I grew up on a converted farm in the Dutch countryside, in a remote village near the town of Gorinchem. It used to take me 45 minutes one way to ride my bike to school. Like many other girls, I played with Barbie dolls. But because I didn’t particularly like pink, I made them their very own clothes and also a kitchen, complete with a table and matching chairs. I guess you could say I was a very creative little girl. But since I also got very good grades in secondary school, the obvious choice at the time was to go to university. And so, off I went to study Industrial Design at the Technical University in Delft.
That doesn’t necessarily sound like the most obvious choice to me.
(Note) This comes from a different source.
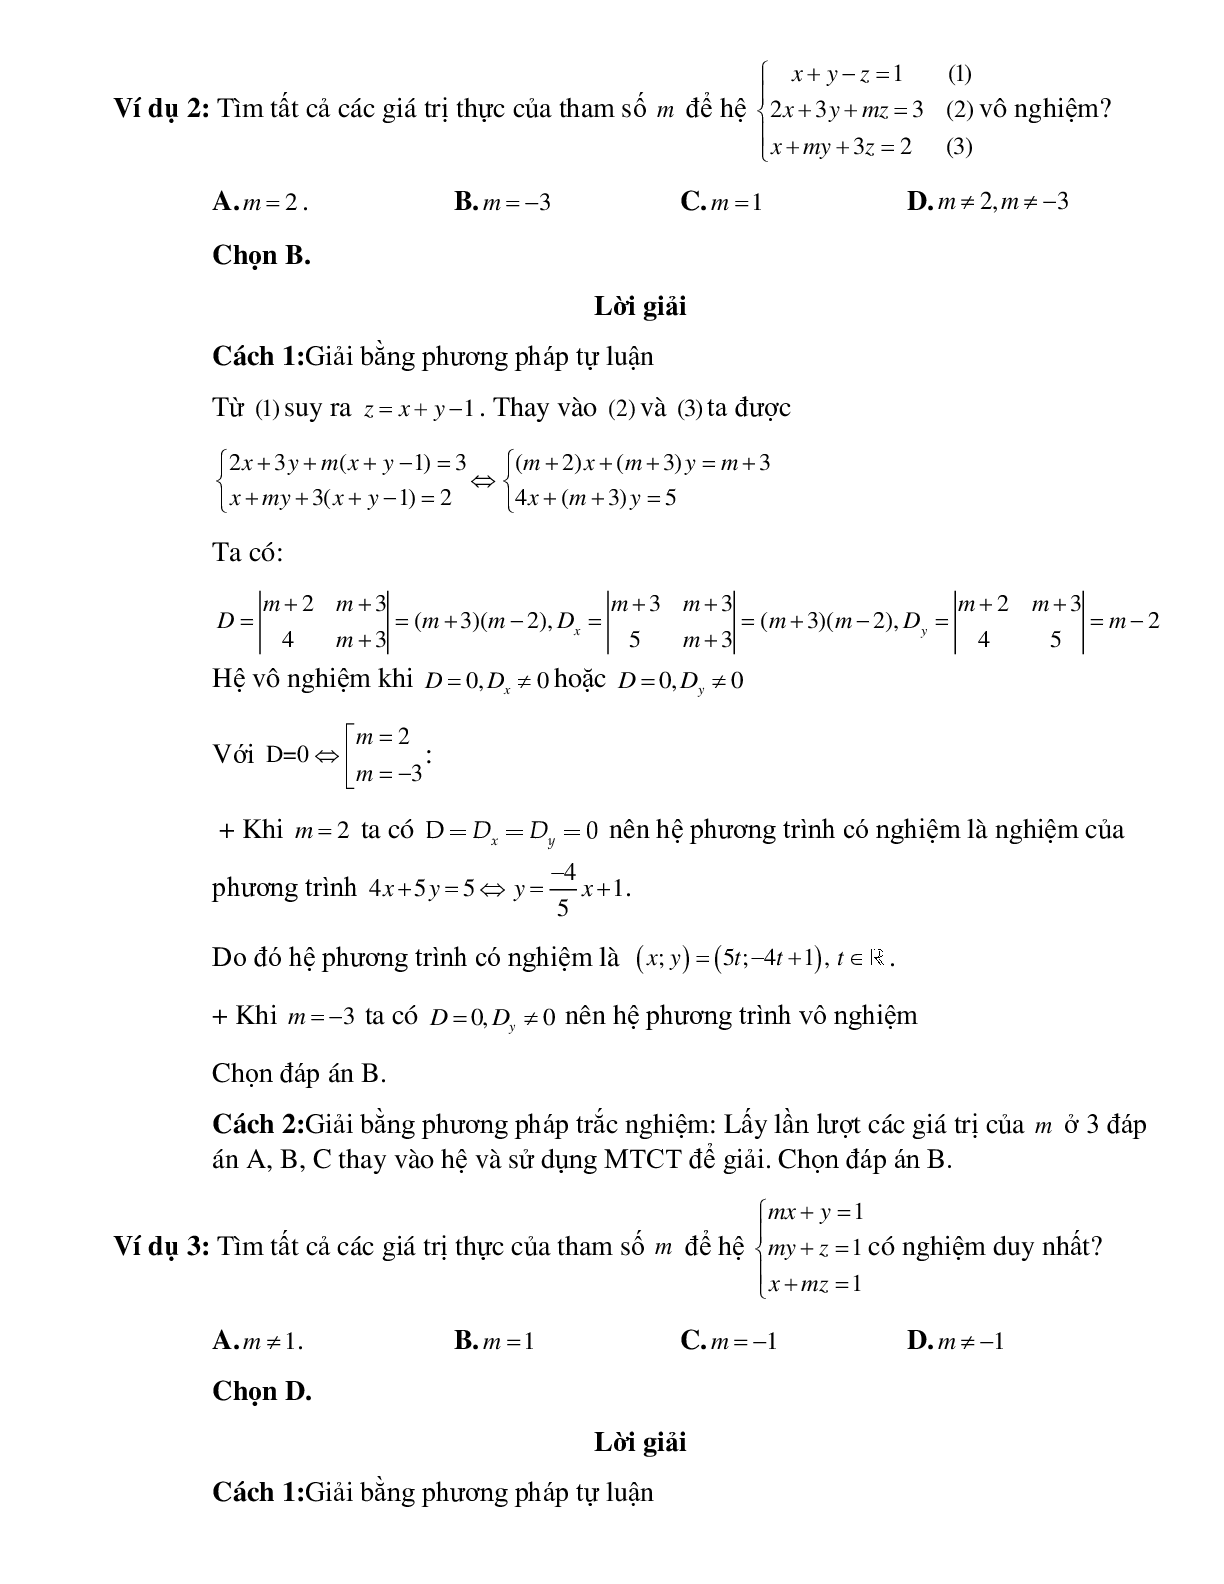 Tìm điều kiện của tham số đề hệ ba phương trình bậc nhất ba ẩn có nghiệm thỏa mãn điều kiện cho trước (trang 2)

I really enjoyed it, although I have to say I preferred the more creative subjects. In my first year, I made a chess set out of papier-mâché. It was very chaotic and not technical at all. I graduated in Product Design, which was very nice. I even did an internship at Philips – no relation, by the way – but I quickly realized I didn’t want to end up designing vacuum cleaners. Fashion is what I liked best back then. In retrospect, an art academy or the Design Academy in Eindhoven would have fitted me better. I don’t regret my choice, however. After all, I ended up doing what I always did!
Why did you like fashion better?
I was fascinated by all those fast-changing trends in fashion. There were also more than a few brands that really appealed to me. It’s funny, because even though I grew up in what is called the Dutch Bible Belt, my parents were quite liberal. My mother was an artist – still is, by the way – and she imprinted on me that I should always make my own choices. I have several of her paintings her at home.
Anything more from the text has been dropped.